Avoid these handlers for SSE routes:

  • BodyHandler
  • DumpHandler with response dumping
  • ResponseInterceptorInjectionHandler
  • Response transformers
  • Response cache handlers
  • ResponseEncodeHandler
  • Metrics injection for the SSE chain

Example handler.yml chain:

chains:
  sse:
    - correlation
    - traceability
    - security
    - cors
    - router

For direct proxy deployments, replace router with proxy.

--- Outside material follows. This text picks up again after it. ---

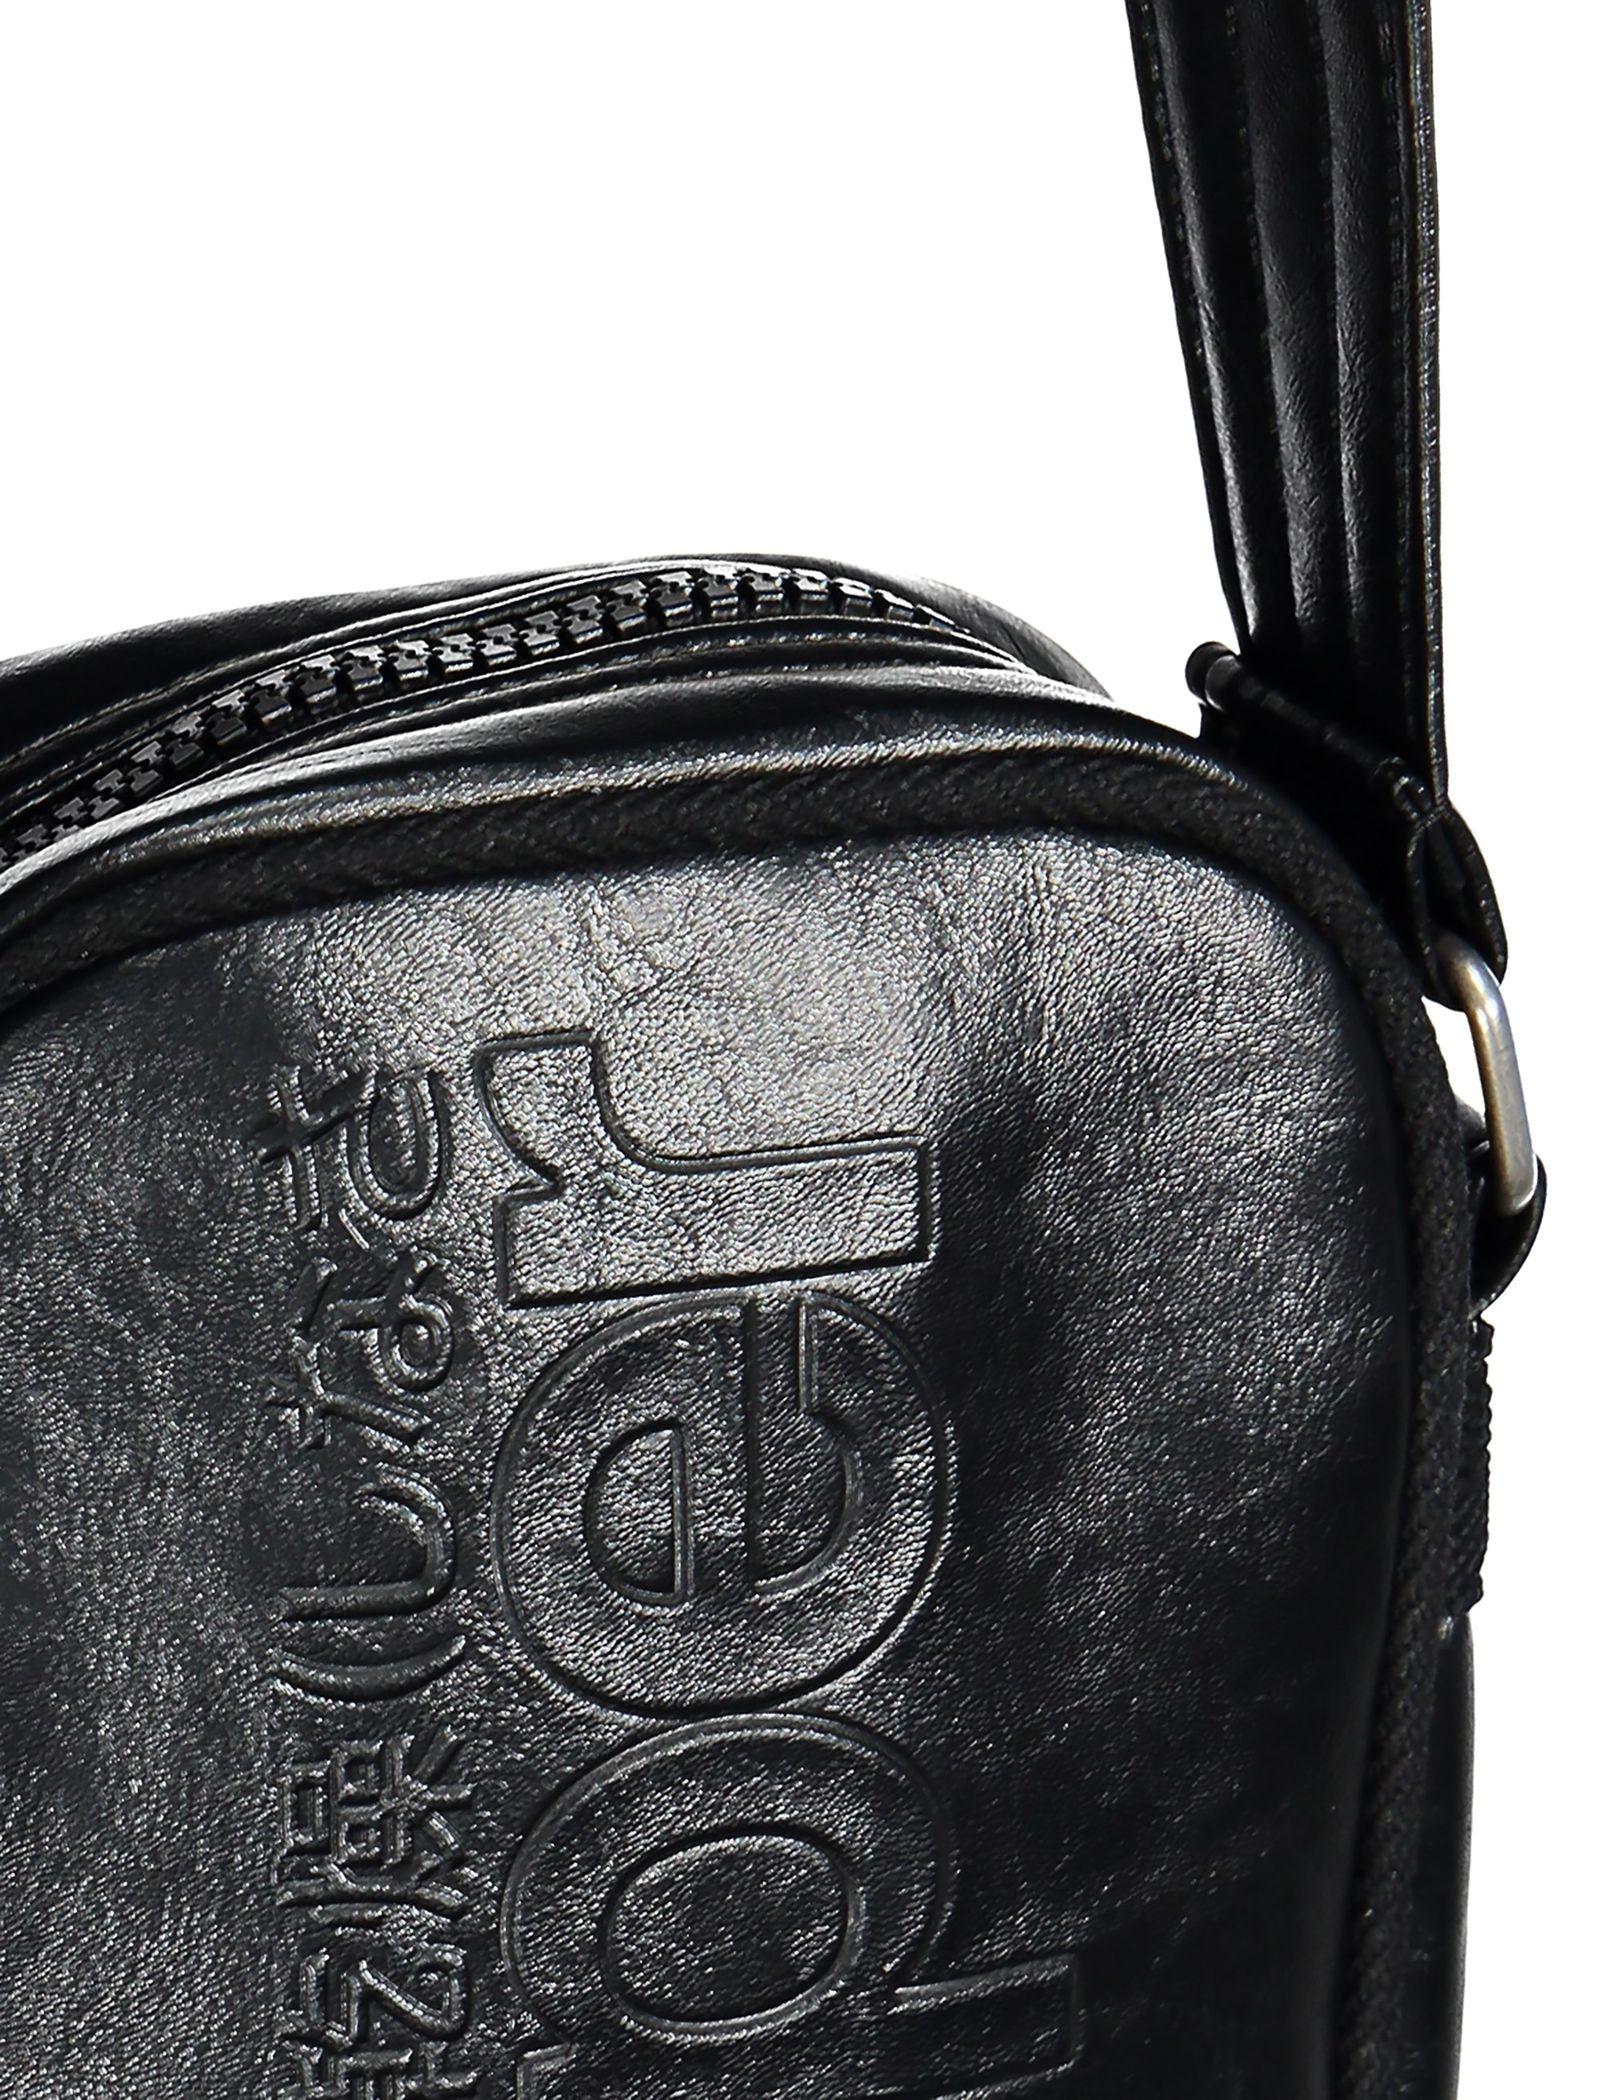 کیف دوشی روزمره بزرگسال - سوپردرای - Black - 6

Environment Property Examples

For container deployments, the list values can be supplied as JSON-style strings.

Direct proxy:

proxy.streamPathPrefixes: '["/chat","/agent"]'
proxy.streamMaxRequestTime: 0
proxy.streamIdleTimeout: 60000
proxy.metricsInjection: false

Router:

router.streamPathPrefixes: '["/v1/chat","/v1/agent"]'
router.streamMaxRequestTime: 0
router.streamIdleTimeout: 60000
router.metricsInjection: false

Verification

A quick manual verification can be done with curl:

curl -N \
  -H 'Accept: text/event-stream' \
  -H 'Content-Type: application/json' \
  -d '{"message":"hello"}' \
  http://localhost:8080/chat

The response should include Content-Type: text/event-stream and events should arrive incrementally without waiting for the downstream agent to finish the entire response.